From f15c9dd7d77fcd95748b6d9f4697ba6f8953559c Mon Sep 17 00:00:00 2001
From: d4straub <daniel.straub@uni-tuebingen.de>
Date: Mon, 25 Mar 2024 16:21:03 +0100
Subject: [PATCH] Require a minimum sequence length of 50bp after ITSx

---
 CHANGELOG.md                                  |  1 +
 assets/report_template.Rmd                    |  3 +-
 conf/modules.config                           | 11 ++++++
 docs/output.md                                | 39 ++++++++++---------
 .../{filter_len_asv.nf => filter_len.nf}      |  6 +--
 workflows/ampliseq.nf                         |  6 ++-
 6 files changed, 42 insertions(+), 24 deletions(-)
 rename modules/local/{filter_len_asv.nf => filter_len.nf} (96%)

diff --git a/CHANGELOG.md b/CHANGELOG.md
index 900786ed..673f5823 100644
--- a/CHANGELOG.md
+++ b/CHANGELOG.md
@@ -18,6 +18,7 @@ and this project adheres to [Semantic Versioning](https://semver.org/spec/v2.0.0
 - [#711](https://github.com/nf-core/ampliseq/pull/711) - From r207 and onwards Archaea sequences were omitted when parsing GTDB databases. (This did not affect `sbdi-gtdb` databases, only `gtdb`.)

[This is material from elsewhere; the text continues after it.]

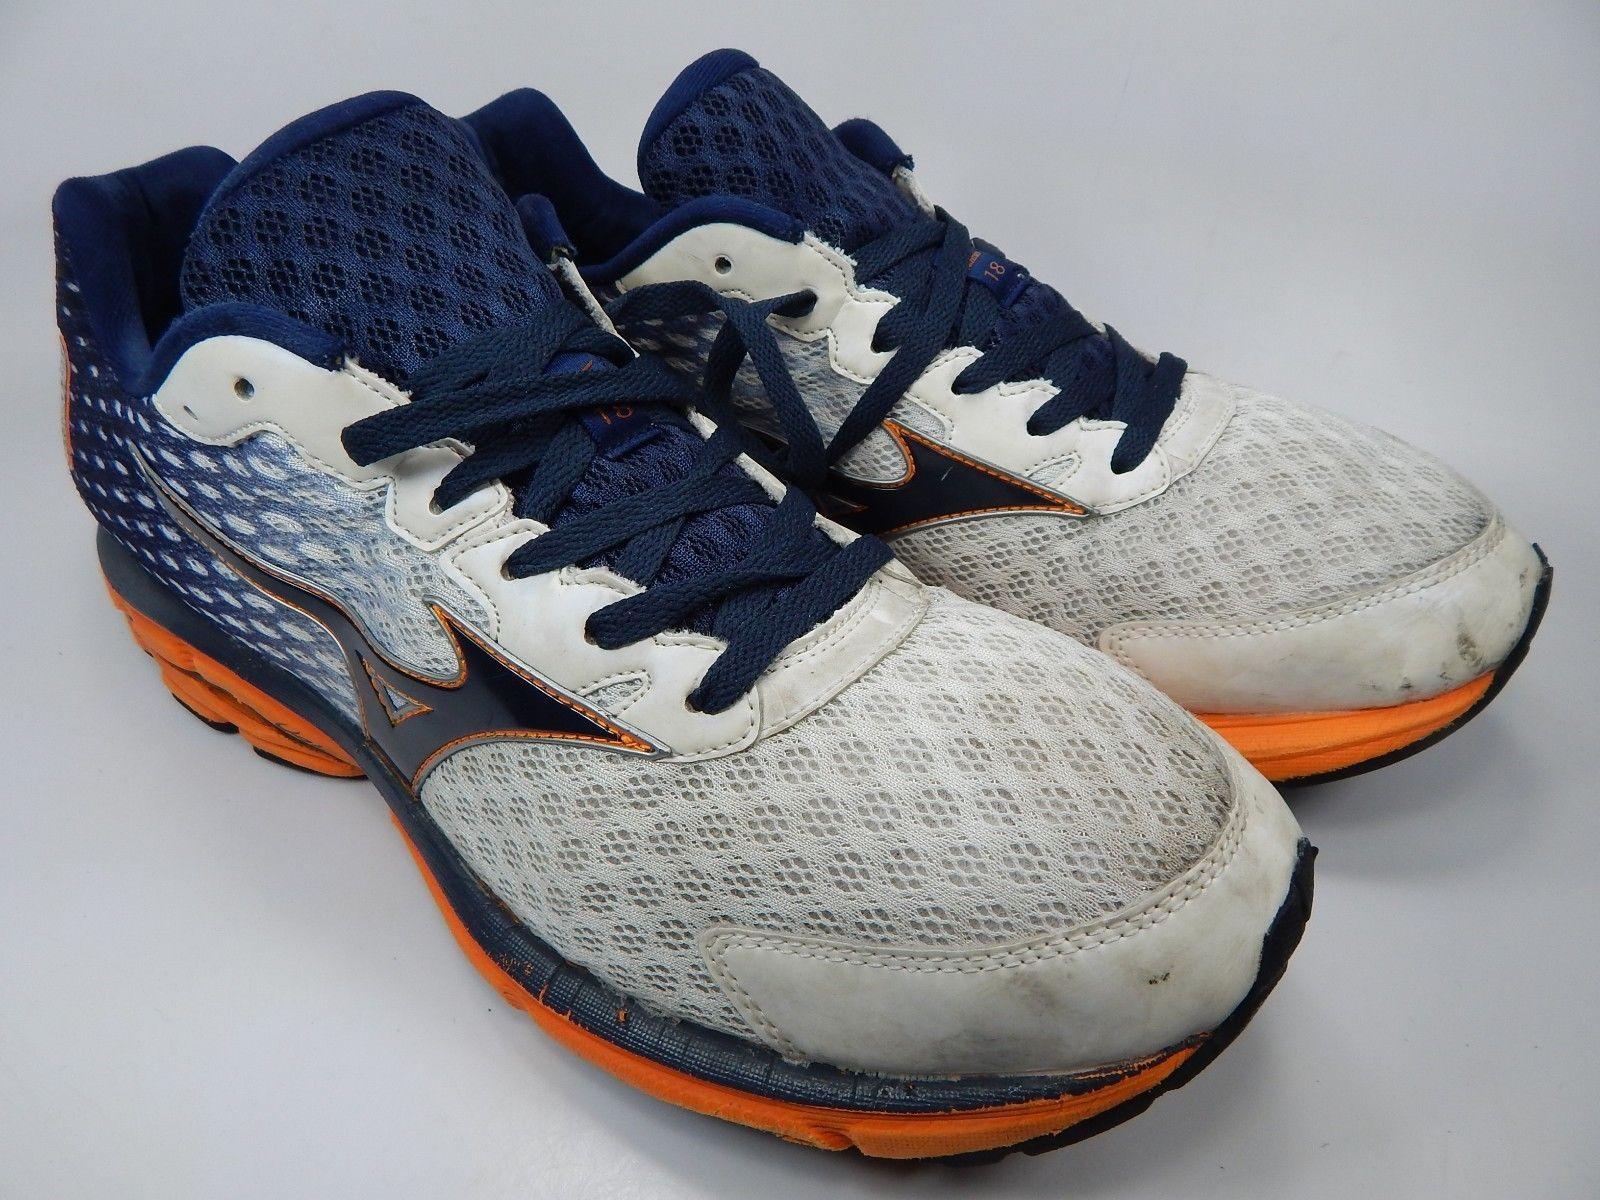 49aa30aa70c Mizuno Wave Rider 18 Running Shoes Men s Size US 14 M (D) EU 48.5

 - [#715](https://github.com/nf-core/ampliseq/pull/715) - Fix filtering vsearch clusters for high number of clusters
 - [#717](https://github.com/nf-core/ampliseq/pull/717) - Fix edge case for sorting file names by using radix method
+- [#718](https://github.com/nf-core/ampliseq/pull/718) - Require a minimum sequence length of 50bp for taxonomic classifcation after using ITSx
 
 ### `Dependencies`
 
diff --git a/assets/report_template.Rmd b/assets/report_template.Rmd
index 07235f73..7241f69a 100644
--- a/assets/report_template.Rmd
+++ b/assets/report_template.Rmd
@@ -827,7 +827,8 @@ cat("# Taxonomic Classification\n")
 cat(paste0("
 ## ITS regions
 
-The ",params$cut_its," region was extracted from each ASV sequence using [ITSx](https://besjournals.onlinelibrary.wiley.com/doi/10.1111/2041-210X.12073).
+The ",params$cut_its," region was extracted from each ASV sequence using [ITSx](https://besjournals.onlinelibrary.wiley.com/doi/10.1111/2041-210X.12073)
+with a minimal sequence length of 50bp.
 Taxonomic classification should have improved performance based on extracted ITS sequence. ITSx results can be found in folder [itsx](../itsx).
 
 Taxonomies per extracted region was then transferred back to the full ASV sequence. No filtering was done based on whether the region was found or not.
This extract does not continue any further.